- Opening Delimiter -

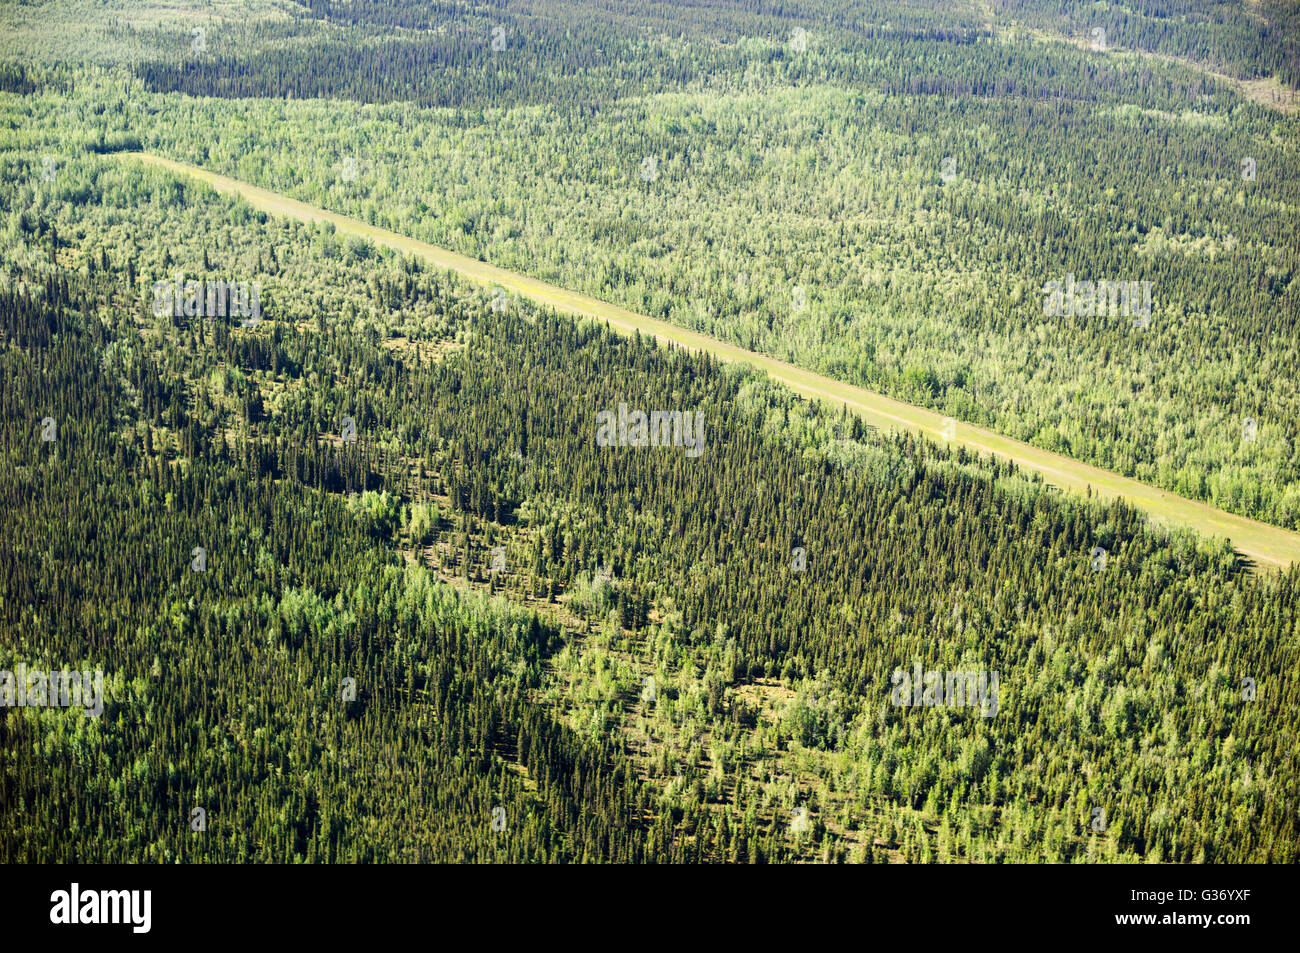 An aerial view of the May Creek Landing Strip located in the Wrangell Saint Elias National Park in Alaska USA. This remote landi Stock Photo
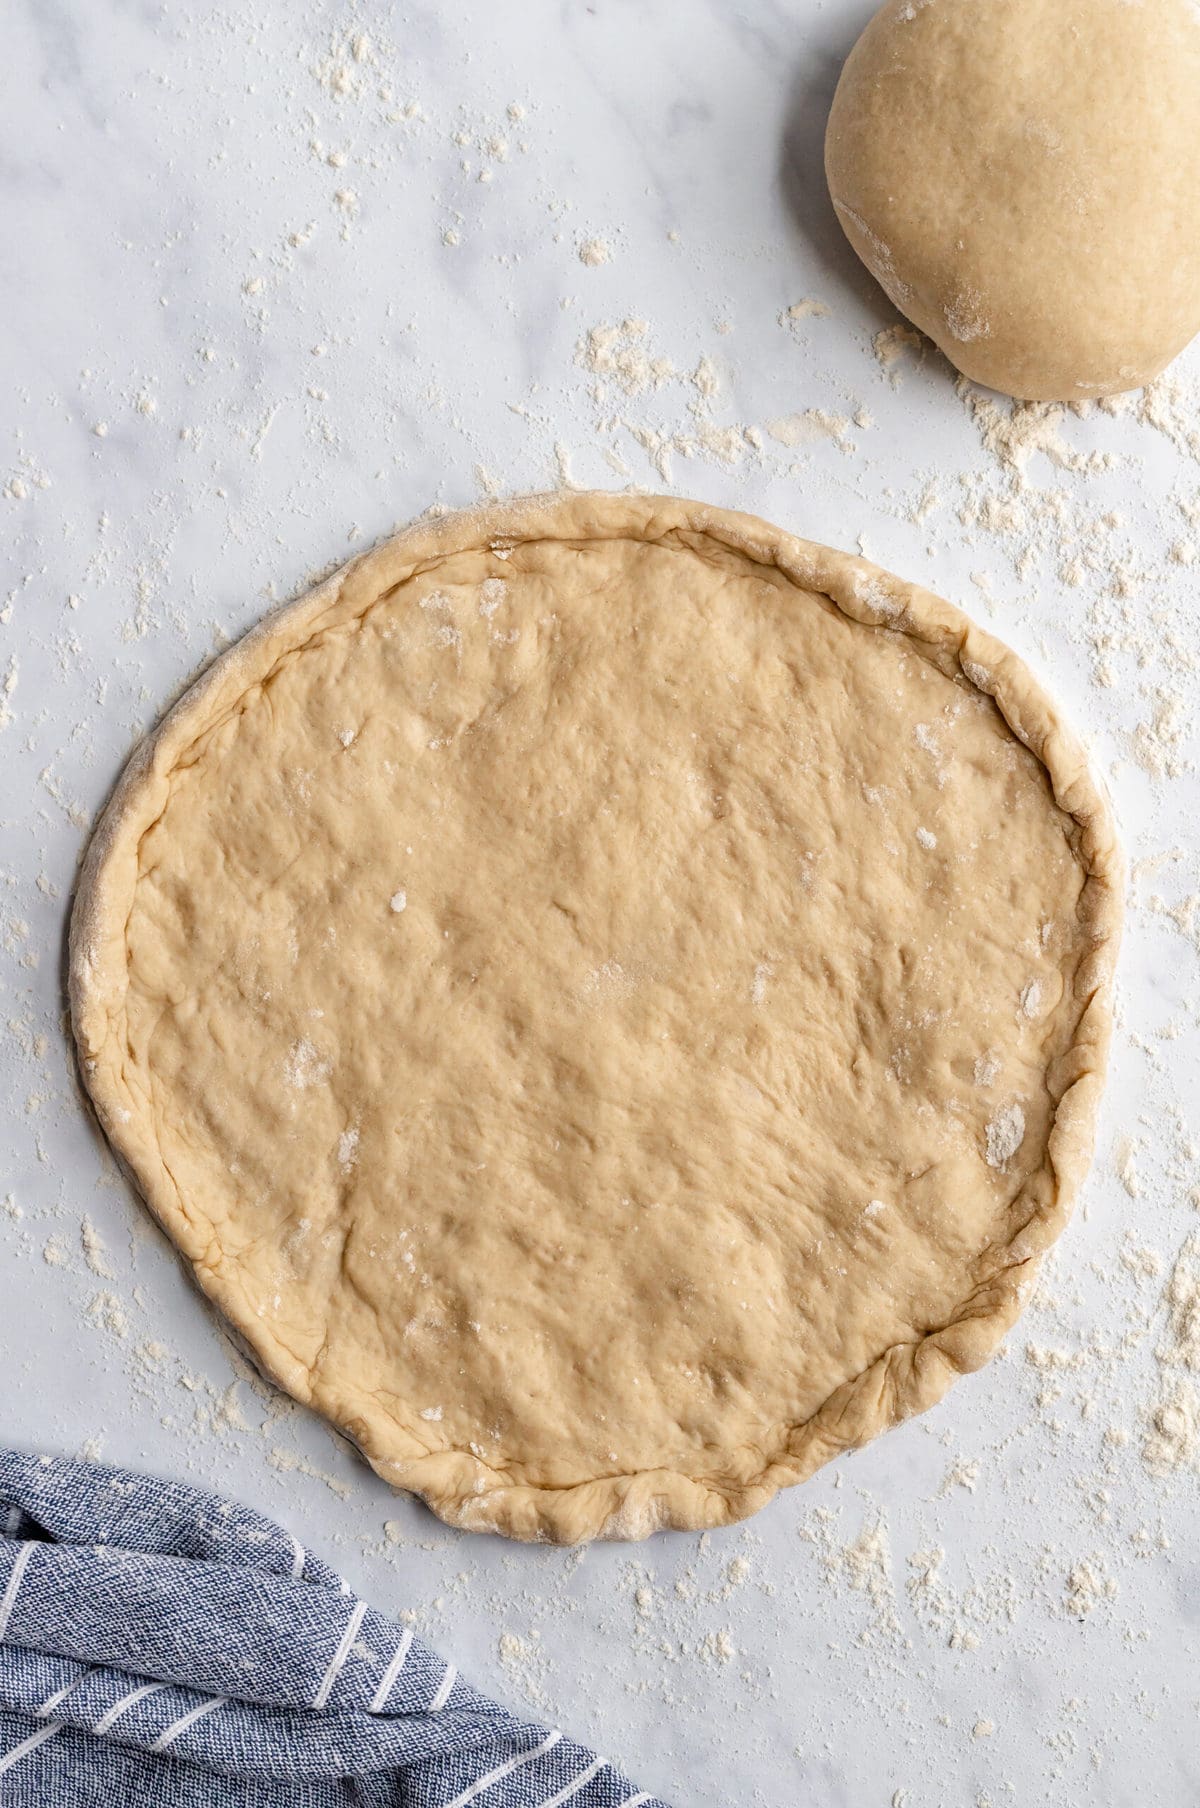 Rolled out pizza dough into a crust shape.
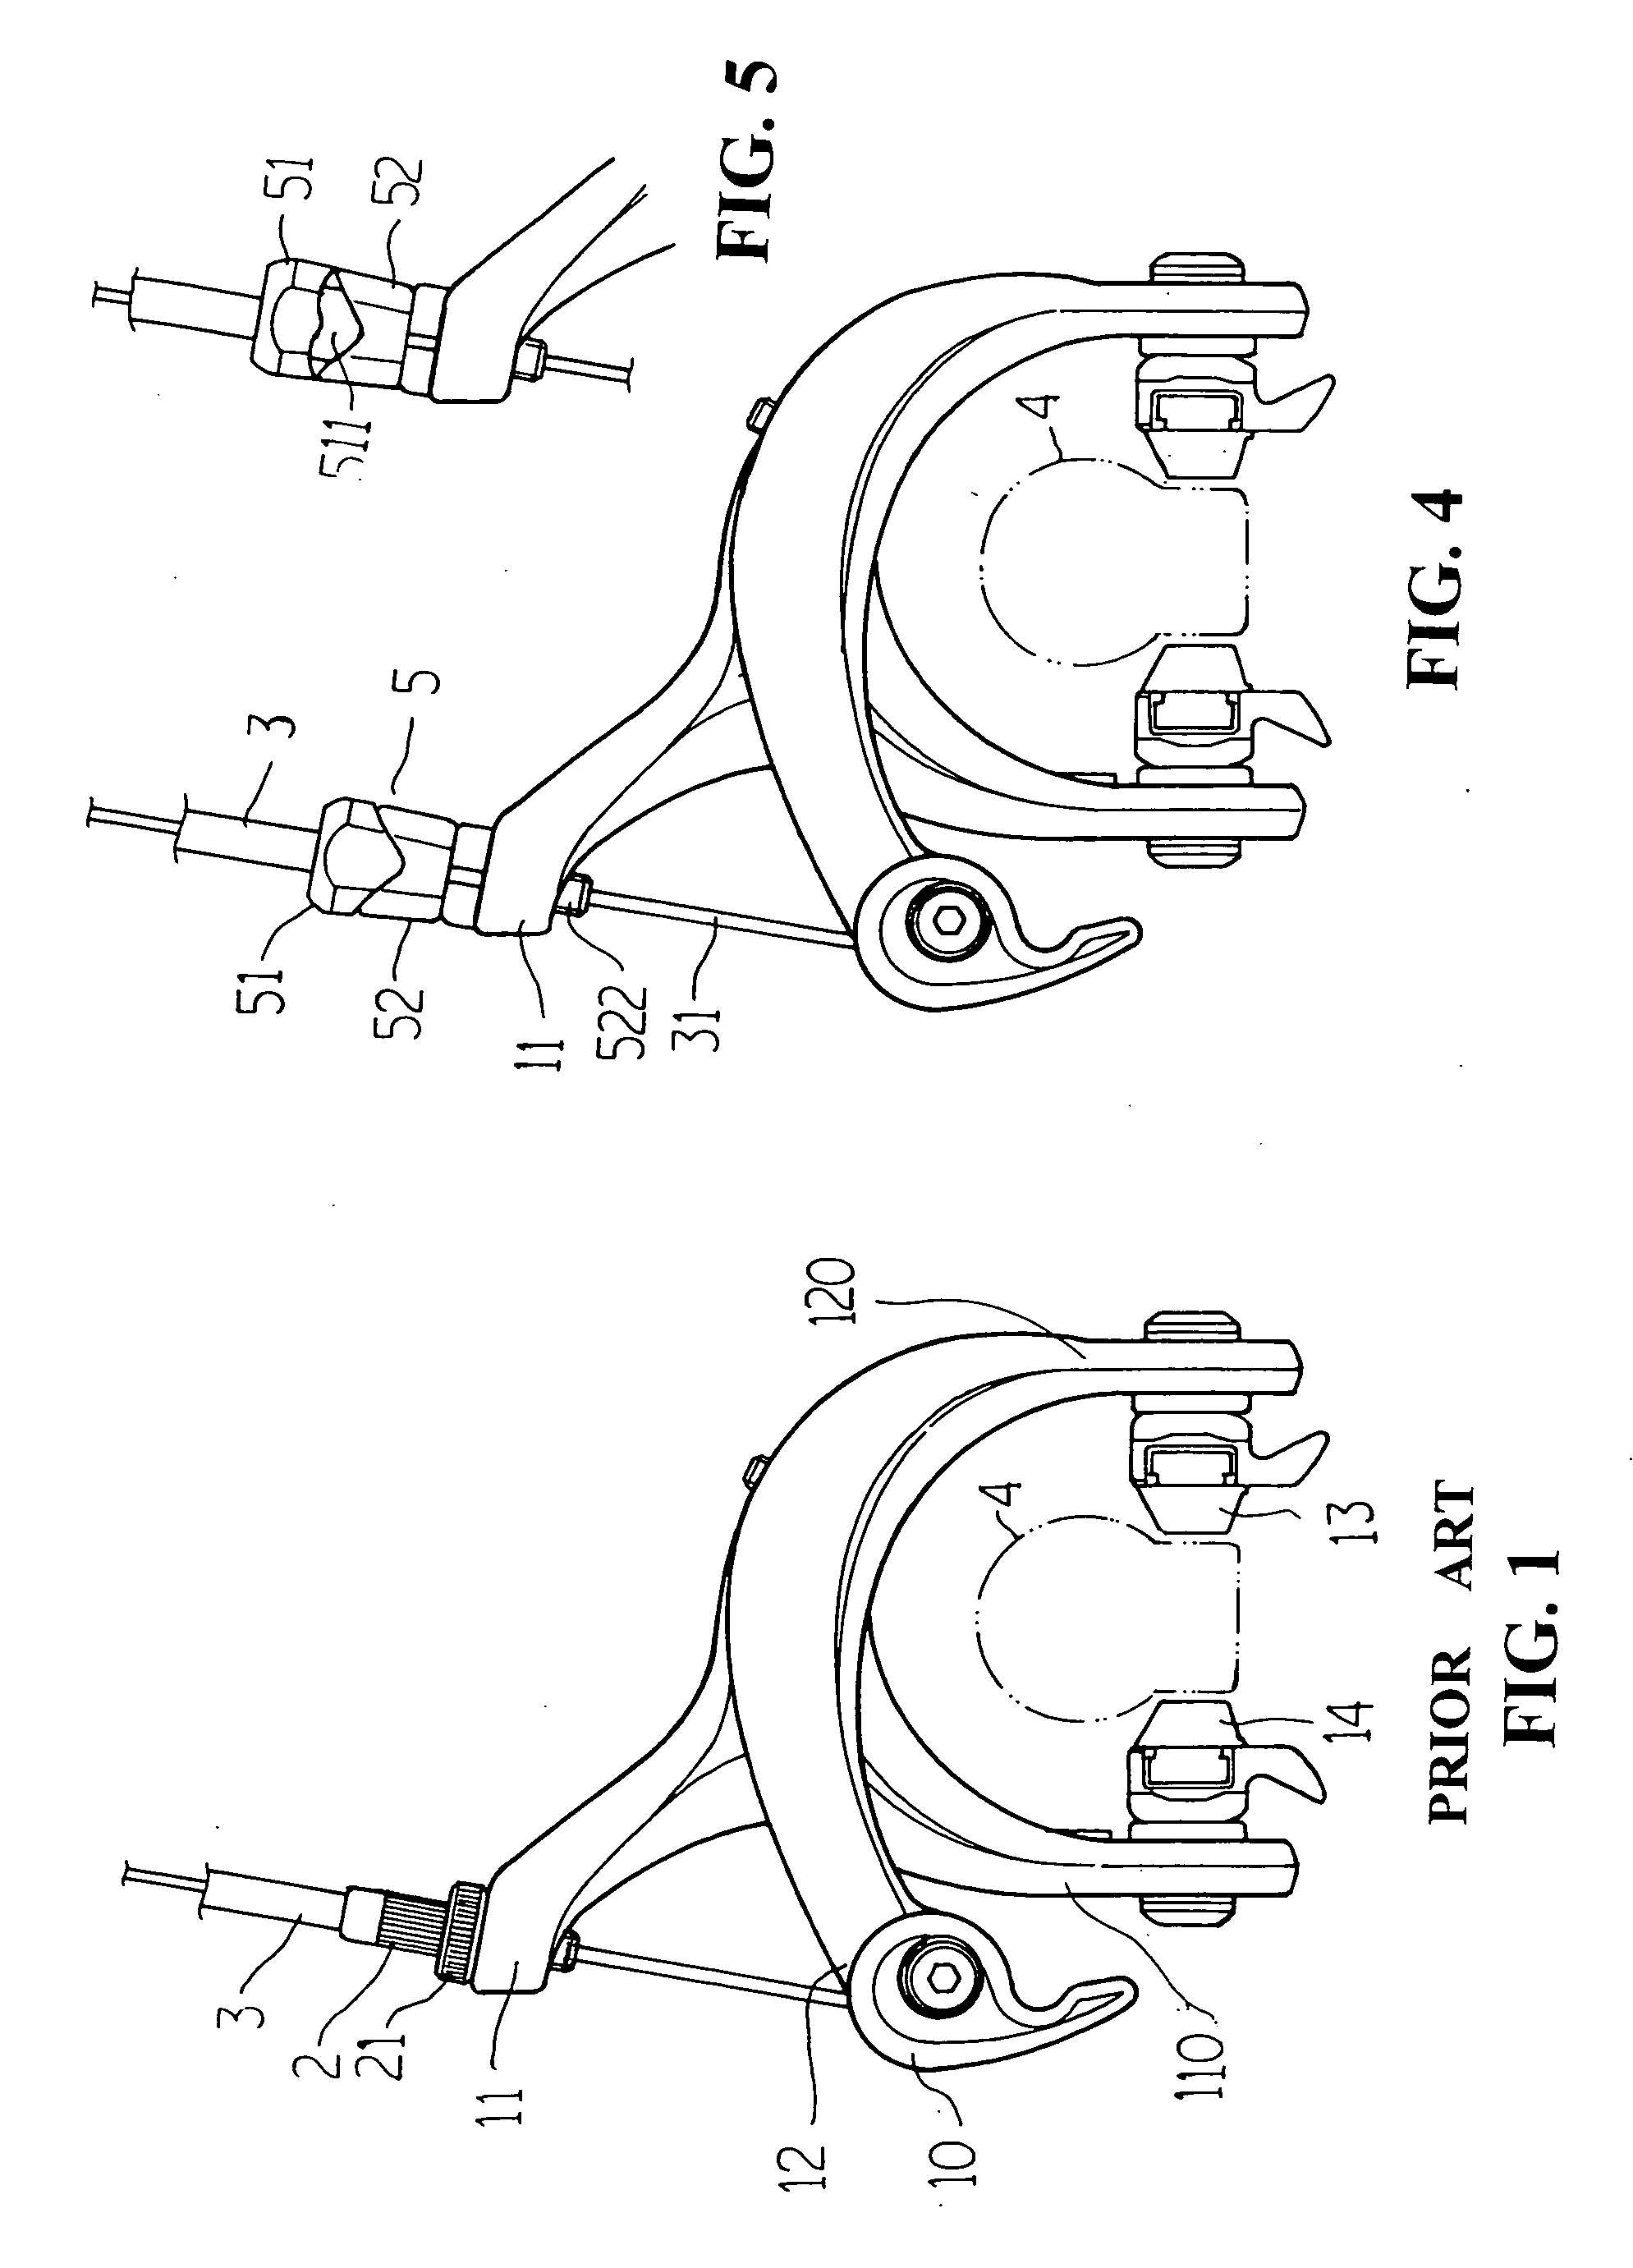 Device for tightening and loosening bicycle brake wire

- Closing Delimiter -

__Your assignment__
Copy out all of the data word for word. Do not carry over any picture.

__Result__
 An aerial view of the May Creek Landing Strip located in the Wrangell Saint Elias National Park in Alaska USA. This remote landi Stock Photo
 Rolled out pizza dough into a crust shape.
 Device for tightening and loosening bicycle brake wire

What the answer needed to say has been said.